Внезапно ей в голову пришло одно совершенно разумное соображение. А что, если произошедшее на самом деле ничегошеньки не значило, а только выросло до таких размеров в ее помутившемся разуме из-за нервного перенапряжения? Да, это весьма вероятно! Она уже знала: в ее положении женщина не может полагаться на свое суждение. Но теперь она видит трезво. Теперь она будет рассуждать. Так что же могло случиться? Ее муж обнял служанку, наверное, в шутку, изображая несвойственное для него легкомыслие. В эту минуту он не был собой, отказался от нимба, которым его наделили девические мечты жены. Но разве он в ответе за этот нимб? Кто не поддастся влиянию момента? Может быть, он и поцеловал ее. В глазах всего света подобный поступок – ужасная пошлость, но почему? Только потому, что это произошло дома, со служанкой, там, где семейный очаг? Да, люди за это, конечно, осудят. Умная женщина должна принимать подобные вещи к сведению со снисходительной улыбкой. Так в этом все дело? Здесь ход рассуждений сбился. – Нет, это убедительно лишь для ума, а не для сердца!

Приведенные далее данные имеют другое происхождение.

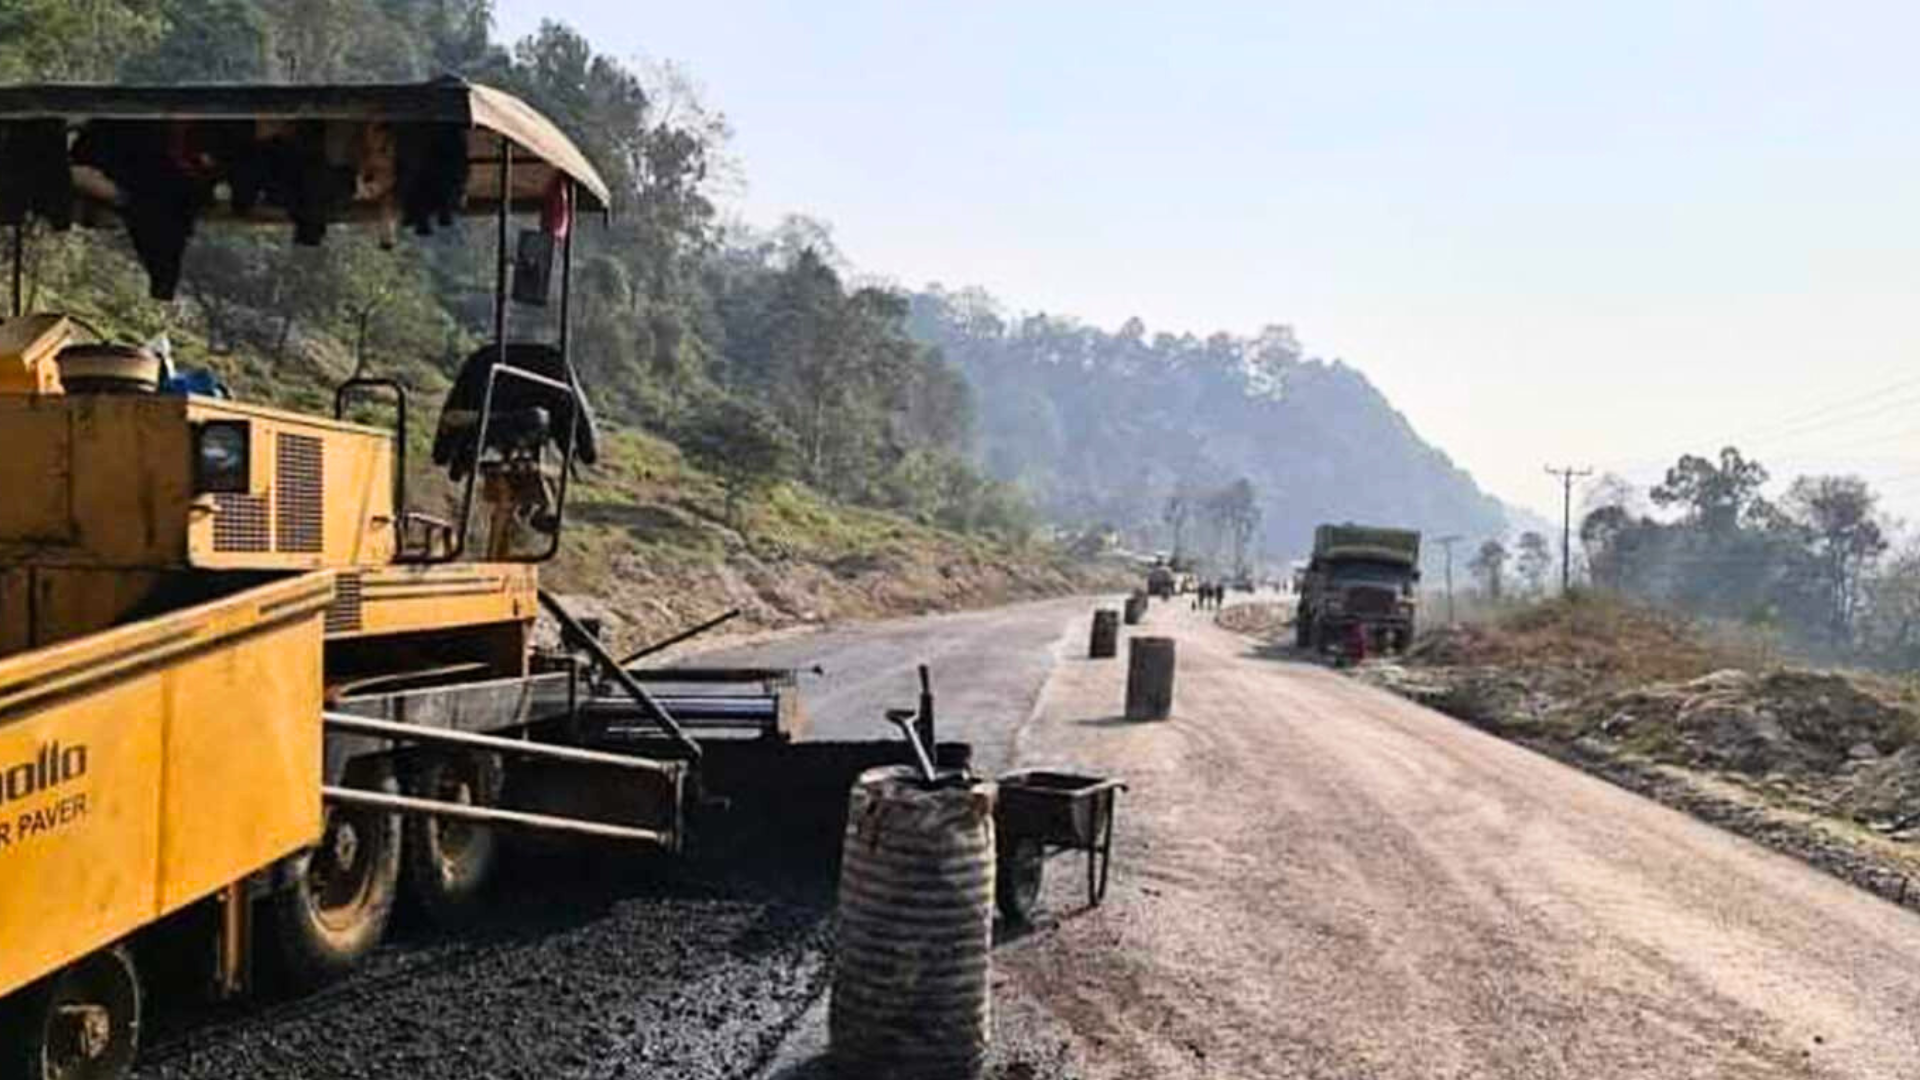 गल्छी–रसुवागढी राजमार्गकाे तिरतिरेमा हुनसक्ने अवरोध खुलाउन उपकरण र जनशक्ति तयार

Сон все не приходил в постель за ширмой, затянутой светлым шелком. Однажды – да, когда она еще была женой другого, – однажды и она дала этому человеку коснуться своих губ коротким, почти невинным, но несущим в себе миллион диких мыслей поцелуем – поцелуем на прощание.
Тогда она отбросила породившие жажду запреты, потянулась к нему, подставила лицо, заплаканные глаза, дрожащие губы, а мужчина нежно, с обожанием и мольбой едва коснулся их – да, она помнит – и безумно, резко, чуть не сломав, сжал ее руки. Тогда ей казалось, что она дала много, очень много, а теперь селянка с обочины предложила ему то же самое, и, может быть, он нуждался в этом не меньше. А ведь Юльча – хороший, добросовестный человек, прилежный, порядочный. Какая огромная от нее польза по сравнению с сотнями тех, кто в годы его скитаний щедро делился с ним всем, в чем сама женщина ему отказывала! Неужели жизнь так грубо проста? Один человек голодает, а для других на придворном пиру еда – лишь изысканное развлечение. Фу!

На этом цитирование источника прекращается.